Laurie nodded. So, she’d been right, earlier, when she saw worry flit across Jamie’s face. He didn’t want there to be any obligations, after this was finished. This was strictly business, not pleasure, however intimate it might feel at times.

‘And,’ Hattie continued, ‘of course, you know what happened with his bro—’

Jamie approached them.

‘I like her, can we keep her,’ Hattie said, grabbing Laurie and planting a sloppy vodka kiss on her cheek.

‘Uh oh. Have you been dropping me in it, as per Hats?’

‘Would I.’

He ruffled her hair.

‘In a strange inversion, I’m done in and having to drag my parents home,’ Jamie said, ‘Would you be up for heading back together?’

Laurie agreed readily, she didn’t have another drink in her. Jamie had stayed away from her for the last forty-five minutes and Laurie understood why, and was grateful. The previous tension needed to dissipate.

‘It was so good to meet you,’ Hattie said, encircling her waist, smushing her face into Laurie and kissing Laurie’s left breast, having evidently missed her intended target of ‘slightly above her left breast.’ ‘I can tell you and I are going to be huge friends. I’m slightly psychic in that respect.’

‘You and my hairdresser both.’

‘Really? What did she predict that came true?’ Hattie said, peering through the one eye she could still open.

‘… Ah,’ Laurie regretted this remark now. ‘Nothing yet.’

‘Hattie is similarly unencumbered by a track record of success,’ Jamie interjected.

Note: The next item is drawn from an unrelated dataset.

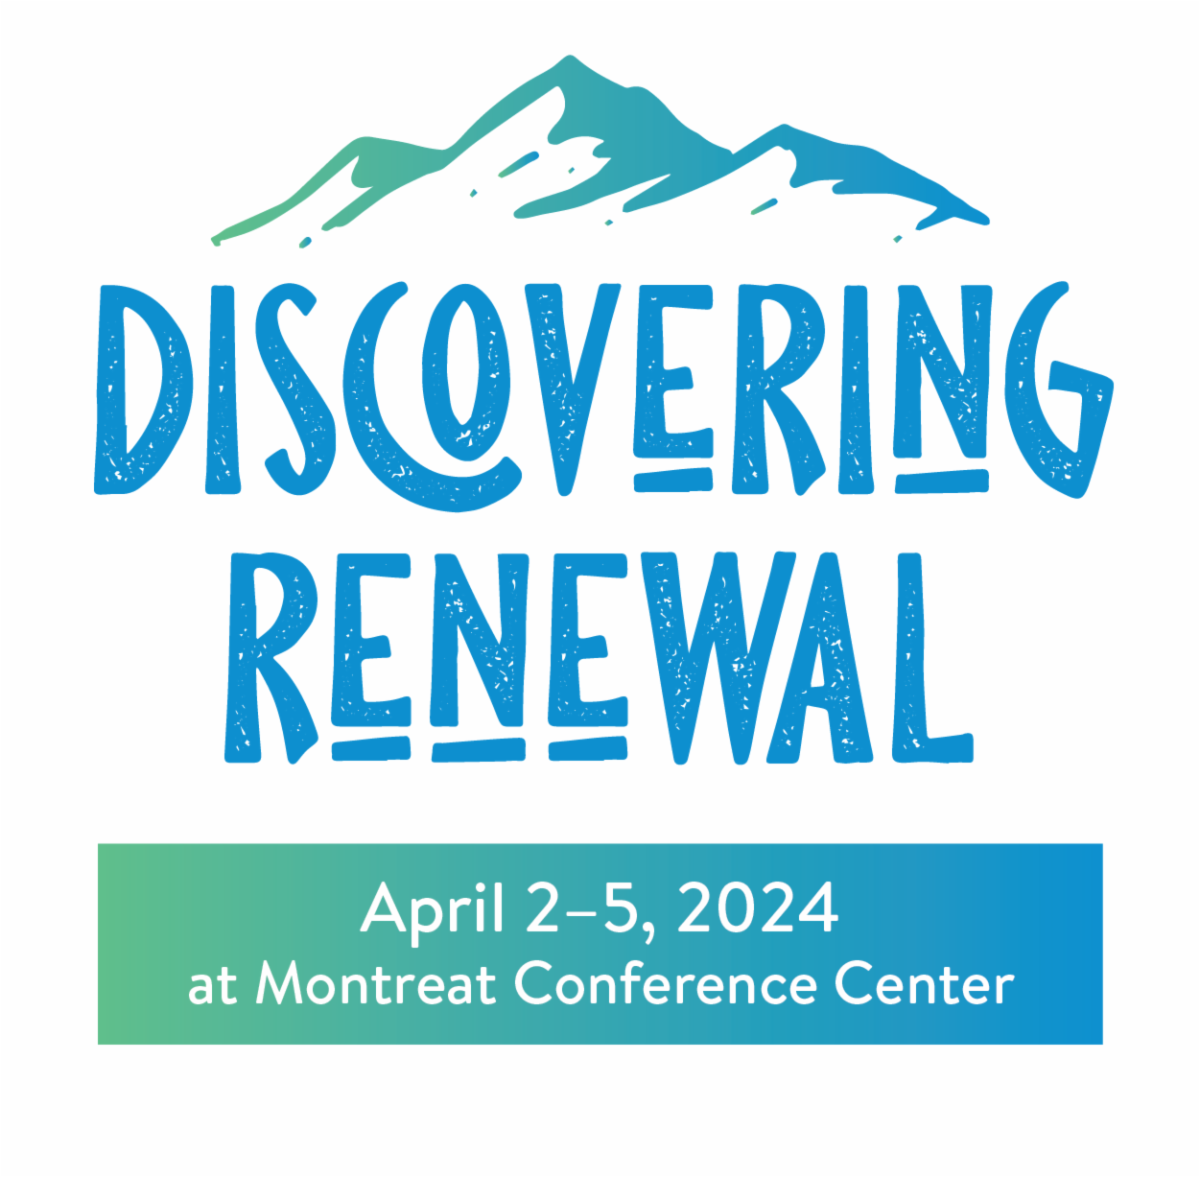 Discovering Renewal - April 2-5, 2024 at Montreat Conference Center

‘I told you, it’s feelings, sensations. Maybe, visions! Like, I can see you and Laurie with a toddler. A boy! Bringing him back here to visit. It’s cold weather, he’s in a coat …’

Laurie swallowed hard.

‘Alright, enough from mystic you,’ Jamie said, briskly. ‘I can see a vision of you with a hangover tomorrow, how’s that.’

 

 

29


‘Your speech was really nice,’ Laurie said, to Jamie’s dad, as they sat with nightcap whiskies in the over-stuffed, homely front room with the wood-burning fire, then winced at the cutesome inadequacy of ‘nice’.

‘Thank you, Laurie. It was from the heart.’

‘When are you going to tell them all?’ Jamie’s mum asked him. This was the first time the cancer had been directly mentioned in front of Laurie.

‘I might not,’ Eric said, sinking back into his chair. ‘Let them read the news in the obit column of the Lincolnshire Echo and say: “That sneaky bastard!”’

‘That’s not fair on me, they’ll be pestering me for the story for weeks on end,’ Mary said. ‘It’ll take me an hour to make it across Co-op when I need a loaf of bread.’

‘Yeah, you have to think of Mum here,’ Jamie said.

‘Oh God, even when you’re dying you don’t get out of the To Do list, Laurie, can you believe it!’ Eric said. Laurie smiled and wished her heart didn’t feel so waterlogged that she found it difficult to match his lightness, and be who they needed. She didn’t want Eric to go. The world could do with more Erics, and fewer of other people.

‘Ahhhh it was good to see everyone though. Mary, can you believe the mop on Ronald Turner! Bald as coot a few short months ago and now he’s had plugs. Cutting about with that lounge lizard’s quiff like he’s Bryan Ferry. Talk about straining credulity.’

There was some discussion about the unexpectedly luxuriant hairline of Eric’s former boss and then he said, ‘He’s an avid churchgoer, Ron. I wish I had faith. I wish I thought I was going to see Joe again.’